- [What is needed]: Pull out every line from the line containing "Résolu : Galaxy" through the end of the material, both ends included, and reproduce it exactly. Keep pictures out.

- [Data below]:

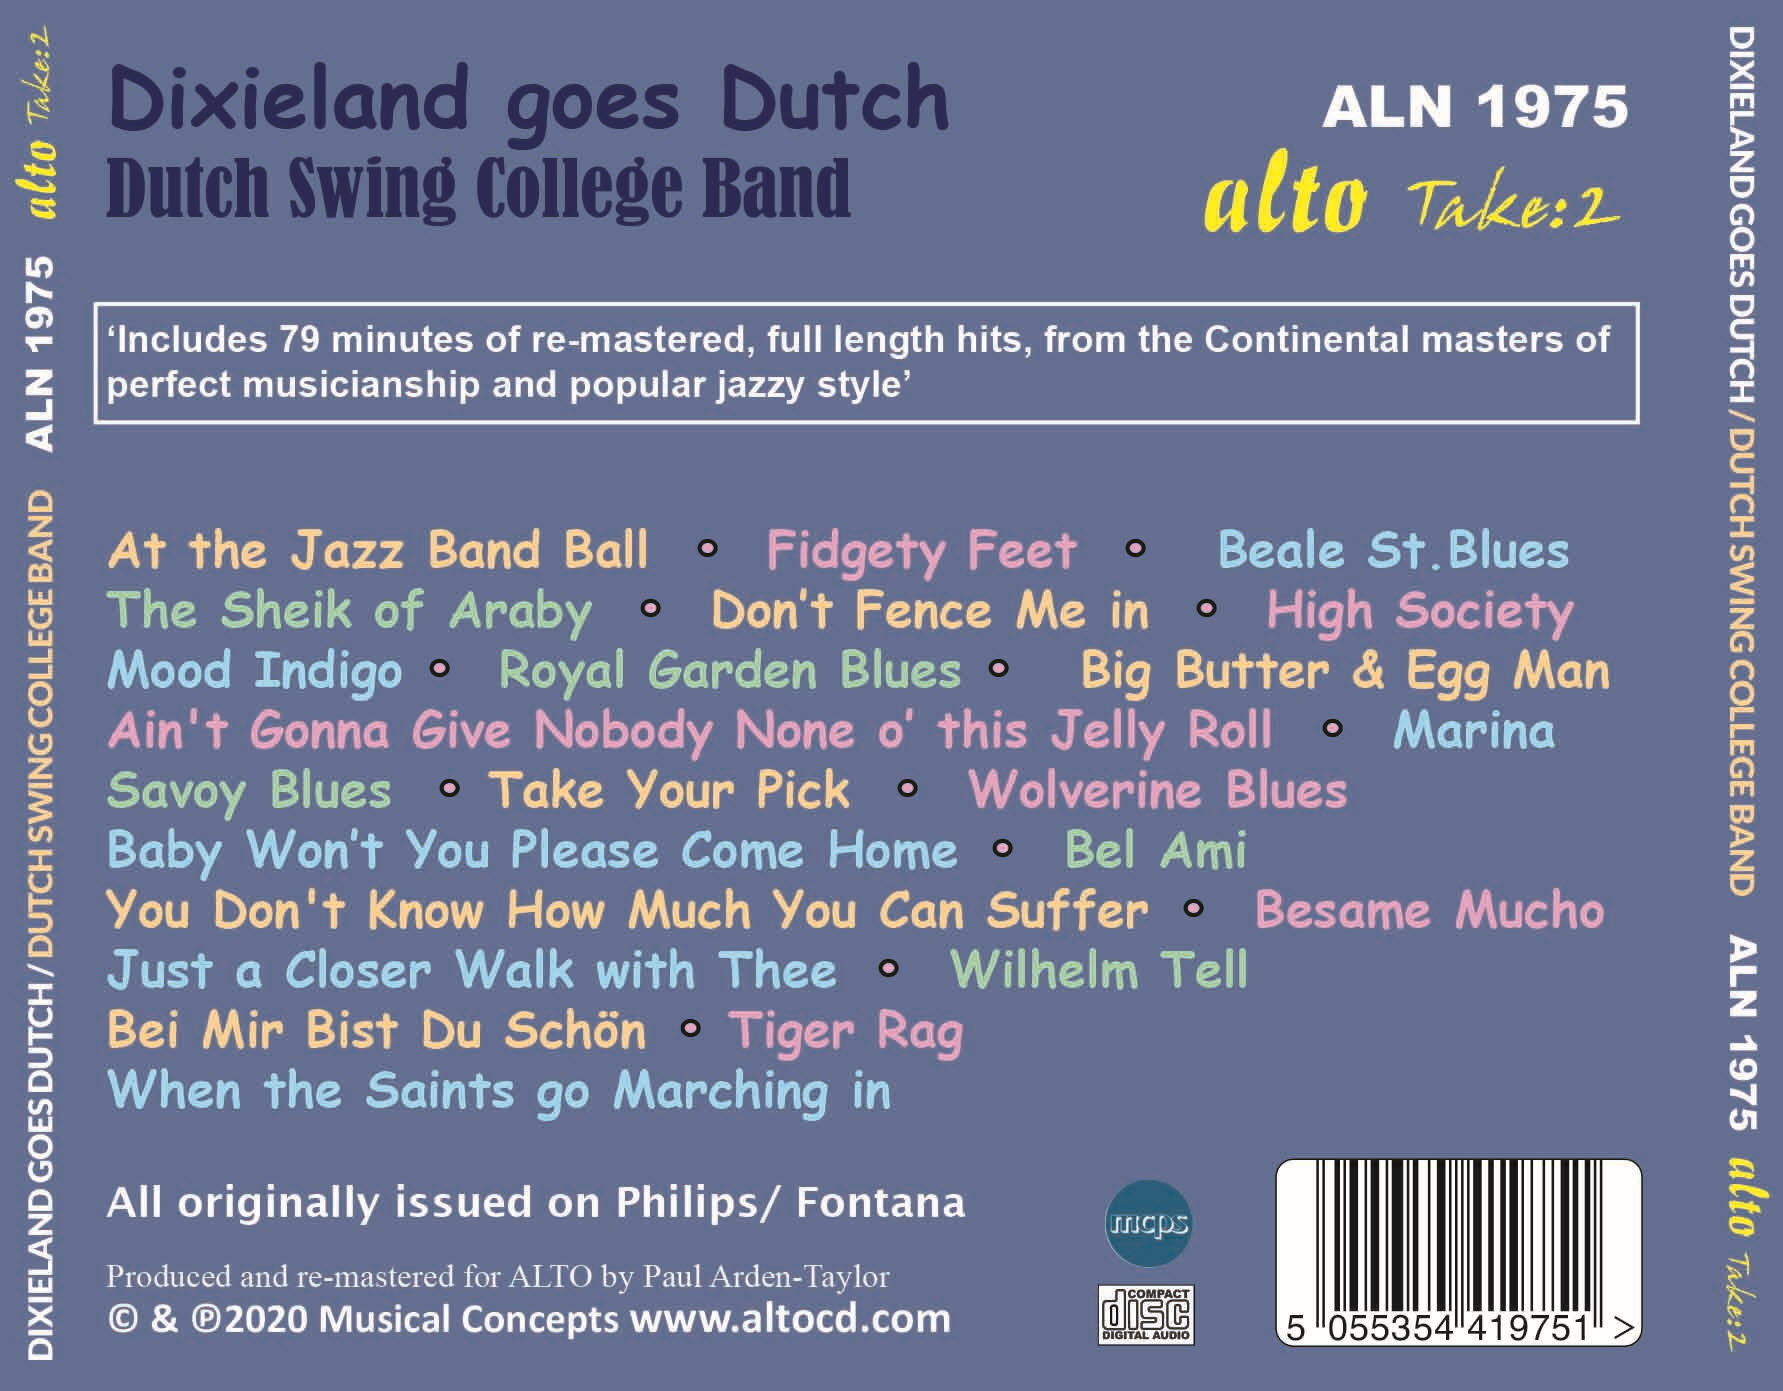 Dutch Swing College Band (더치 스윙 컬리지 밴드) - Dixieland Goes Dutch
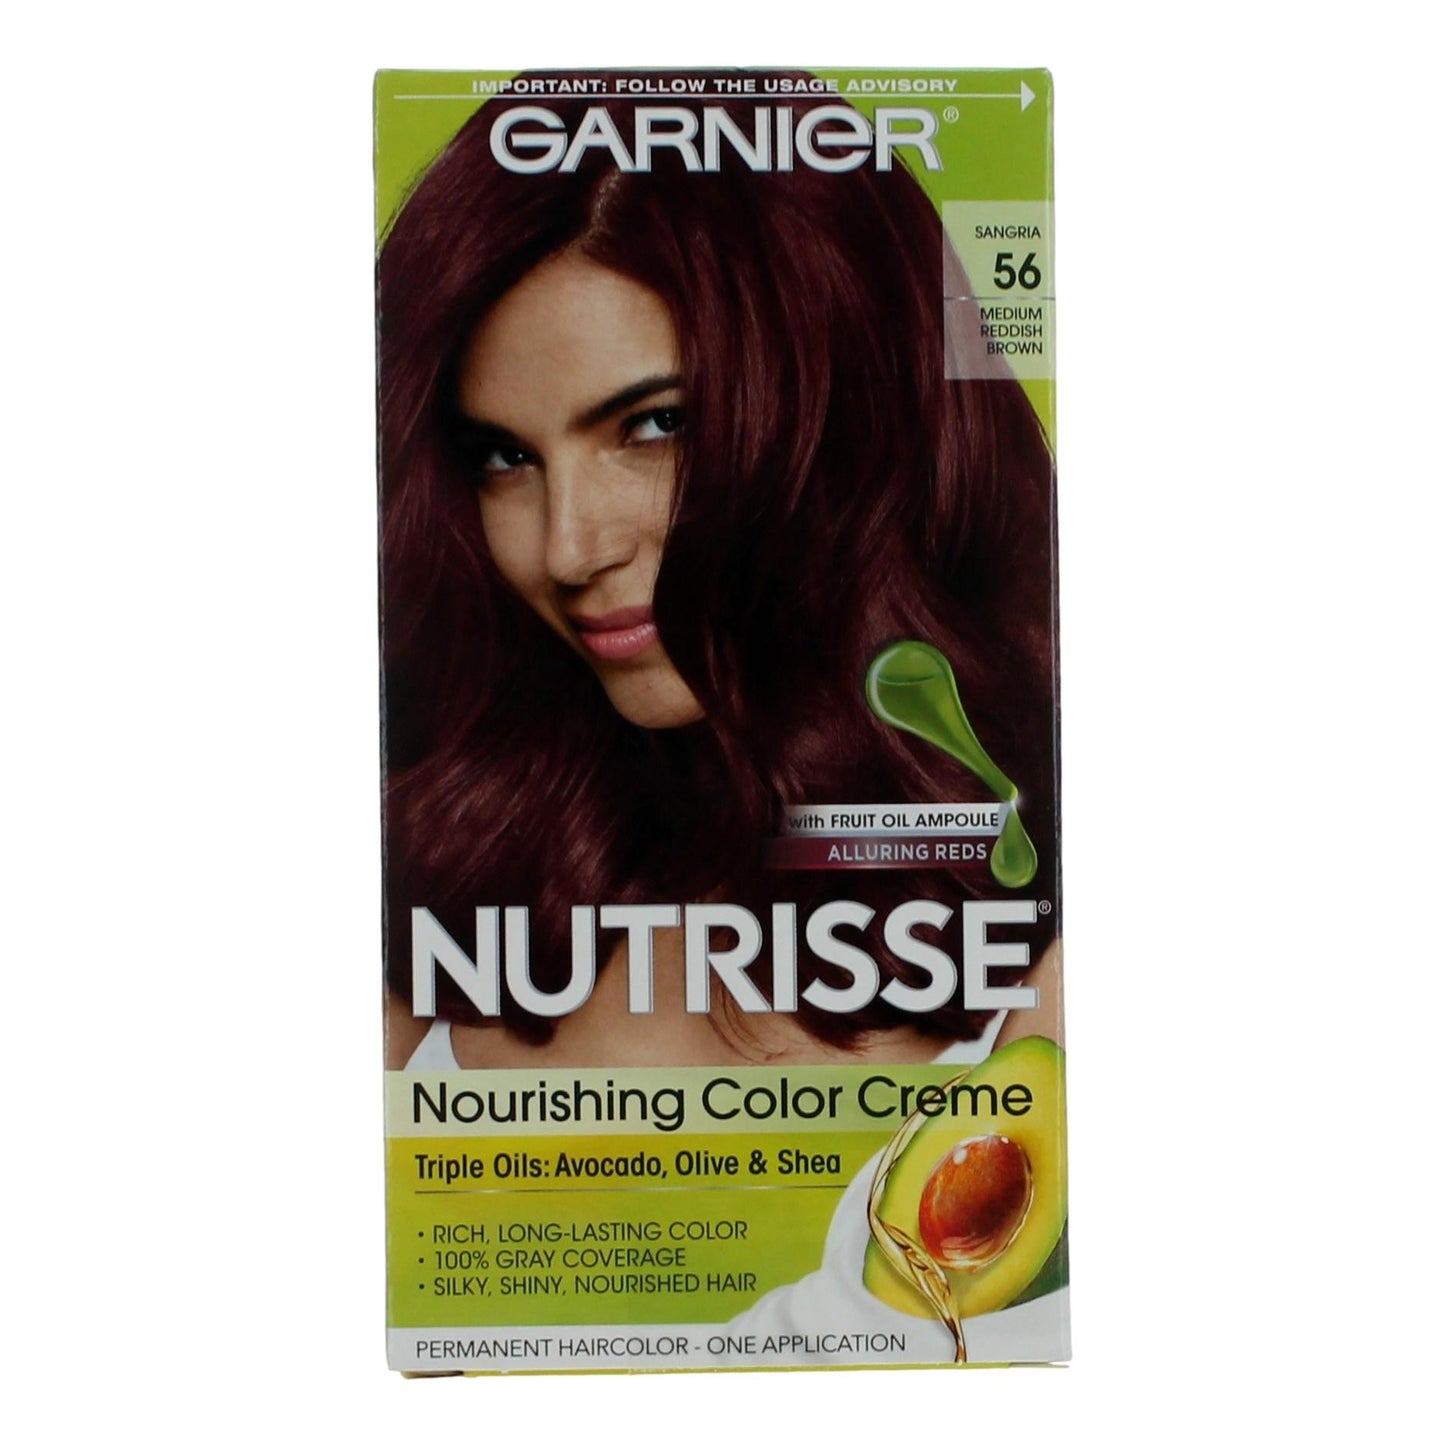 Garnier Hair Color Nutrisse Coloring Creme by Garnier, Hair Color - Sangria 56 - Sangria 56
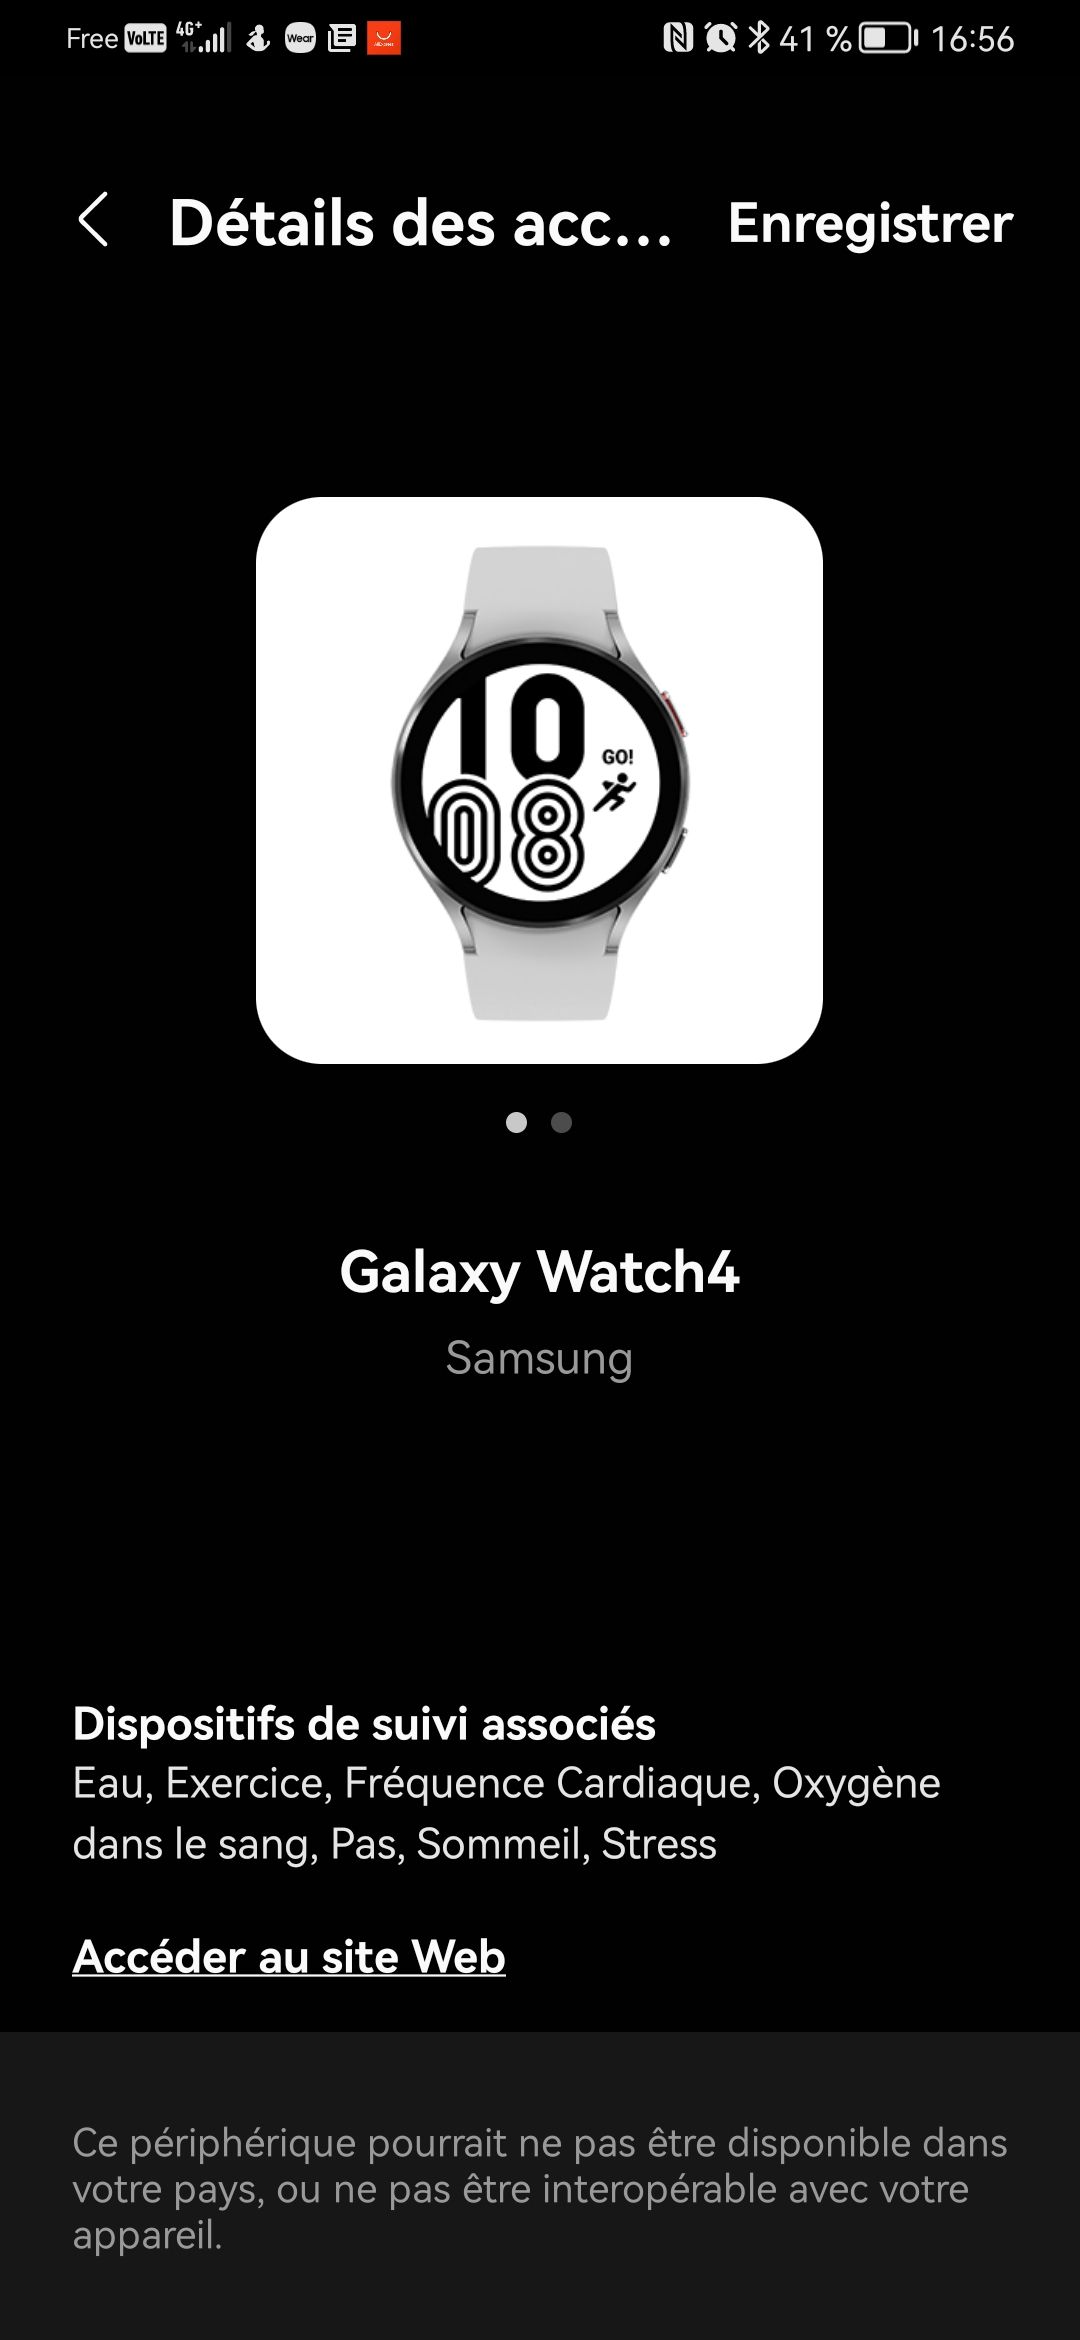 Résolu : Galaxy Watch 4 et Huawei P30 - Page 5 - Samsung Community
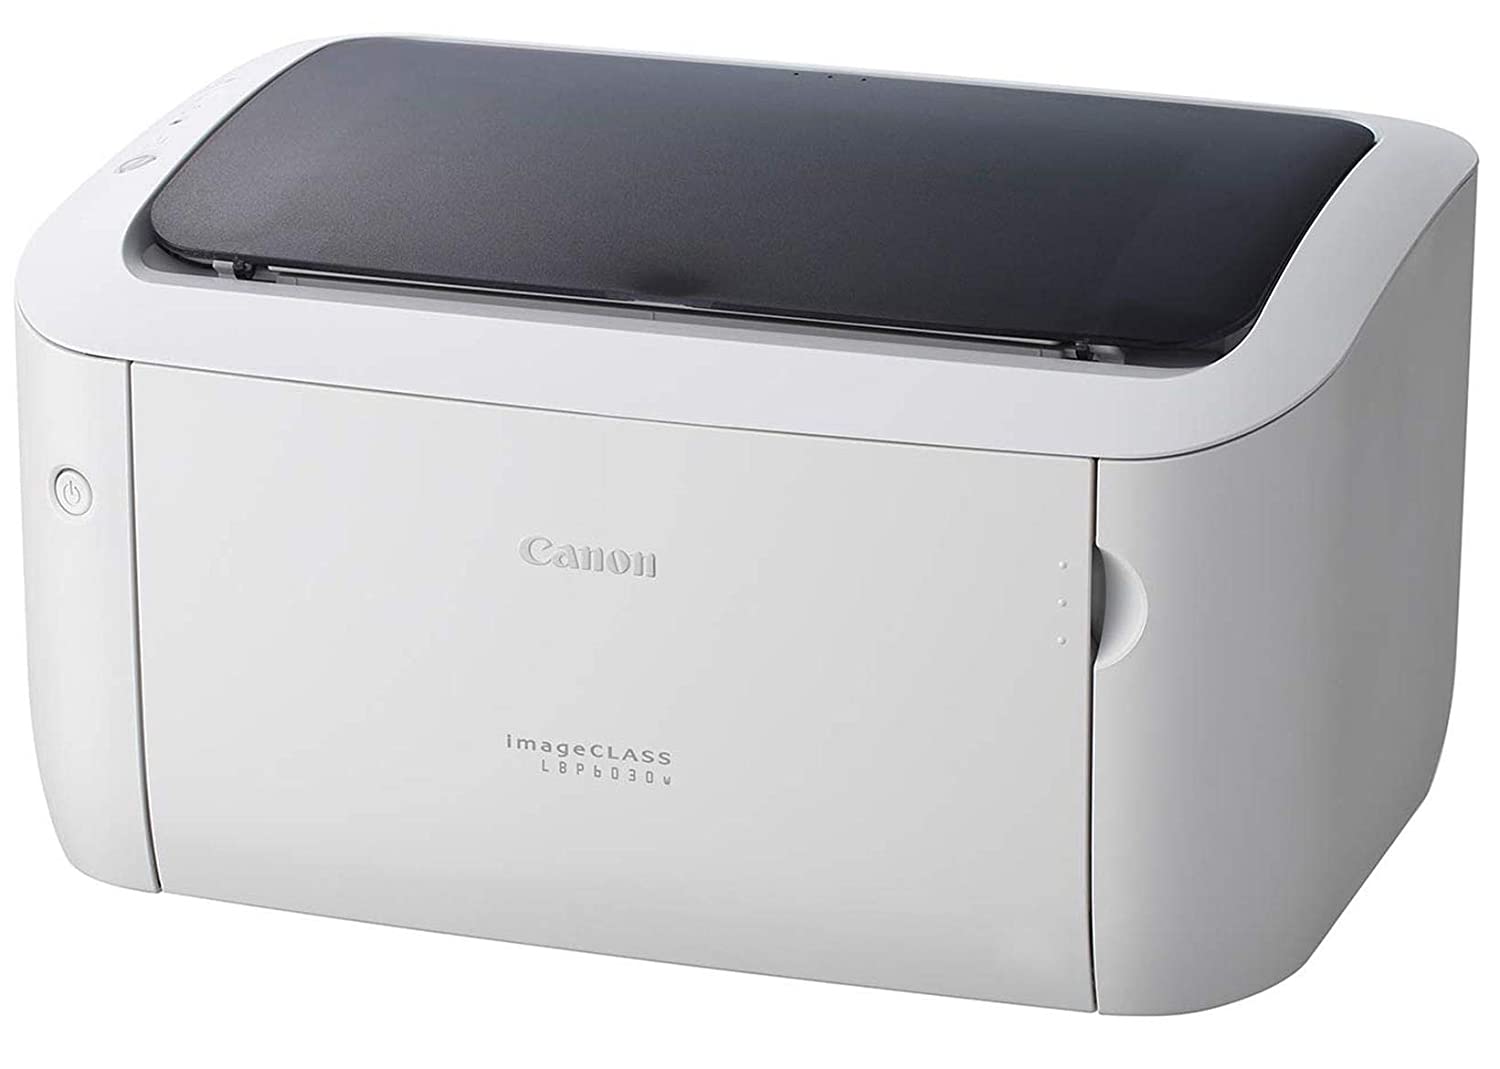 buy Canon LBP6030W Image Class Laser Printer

- [Exercise result]:
 Résolu : Galaxy Watch 4 et Huawei P30 - Page 5 - Samsung Community
 buy Canon LBP6030W Image Class Laser Printer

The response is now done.